> _Data block_

* * * * * * * * *

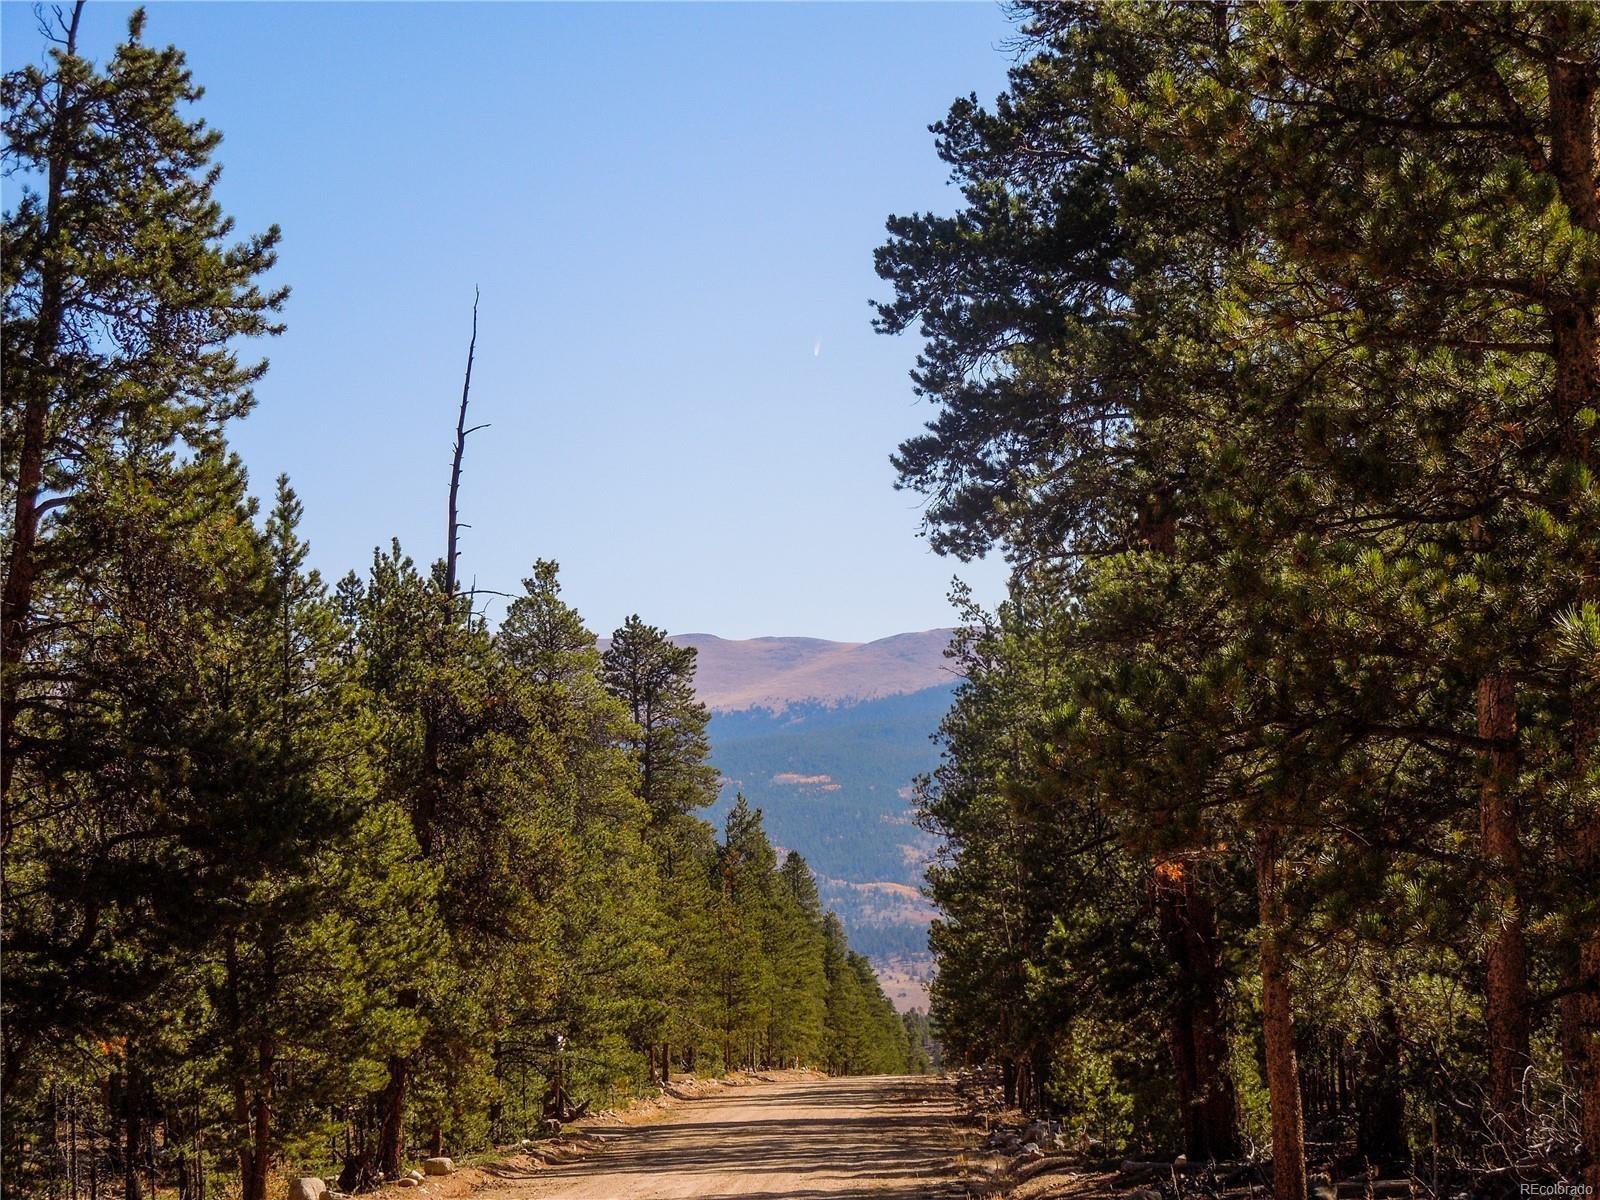 MLS# 8179364 - 15 - 852 Birch Drive, Twin Lakes, CO 81251
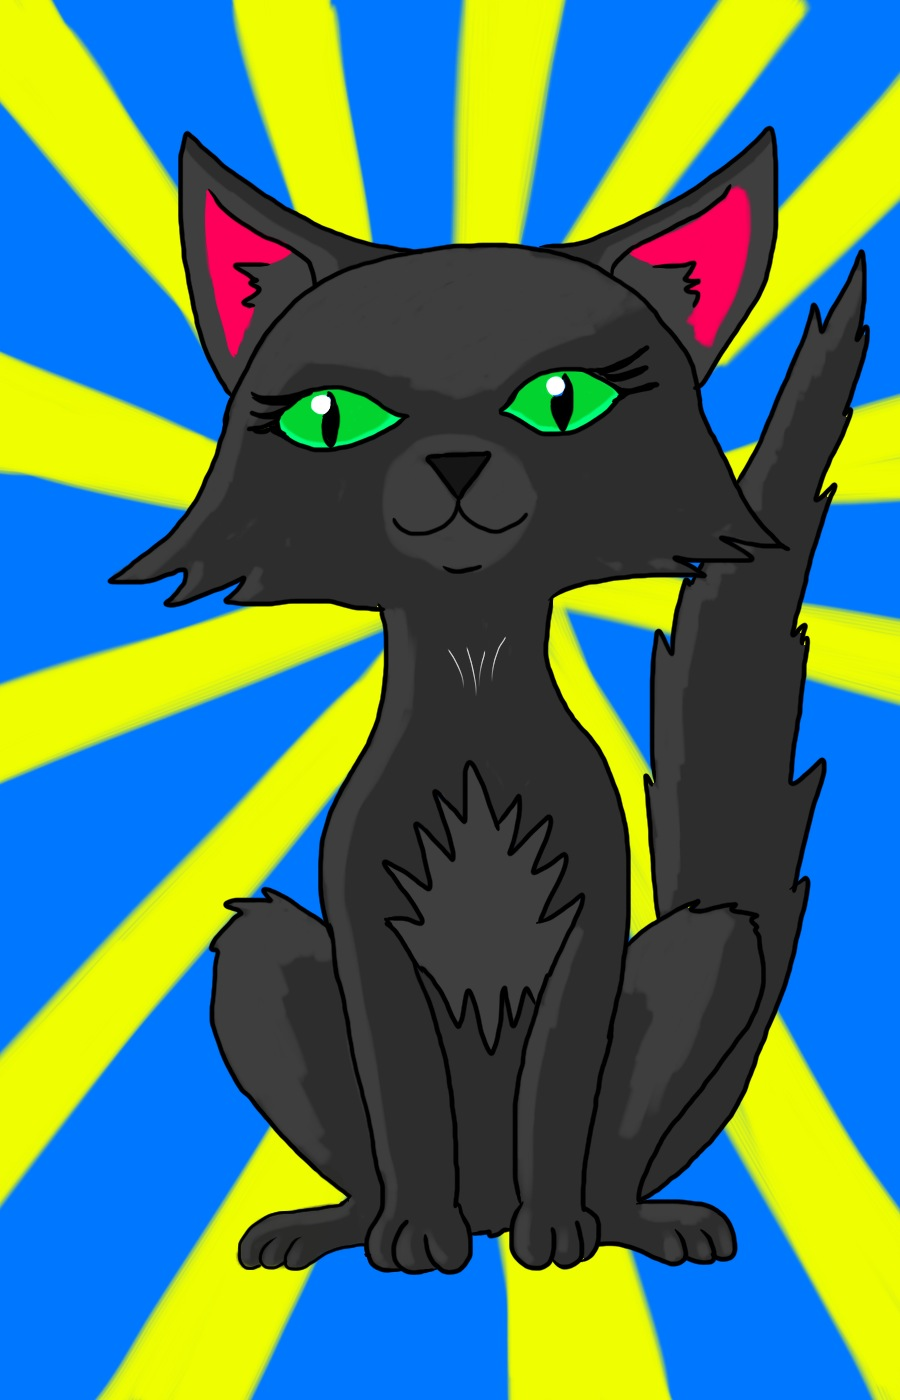 Manga cat: Mia
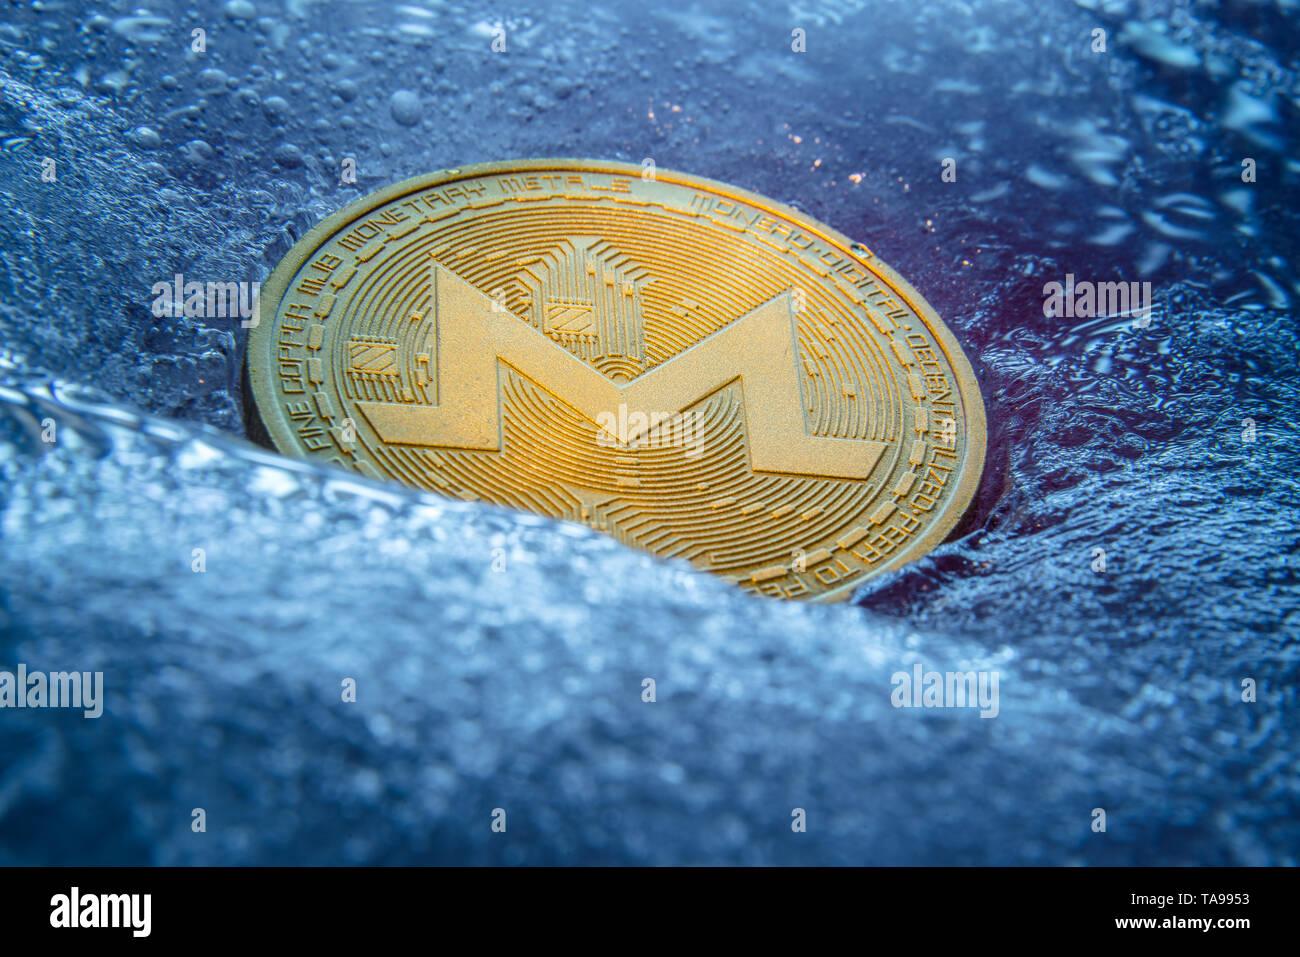 Golden Monero coin, online digital currency frozen in the blue ice. Concept of block chain, crypto market crash. Frozen crypto money, depreciation - Stock Image

* * * * * * * * *

> _What is needed_
Reproduce the material above verbatim; omit every picture.

> _Output_
 MLS# 8179364 - 15 - 852 Birch Drive, Twin Lakes, CO 81251
 Manga cat: Mia
 Golden Monero coin, online digital currency frozen in the blue ice. Concept of block chain, crypto market crash. Frozen crypto money, depreciation - Stock Image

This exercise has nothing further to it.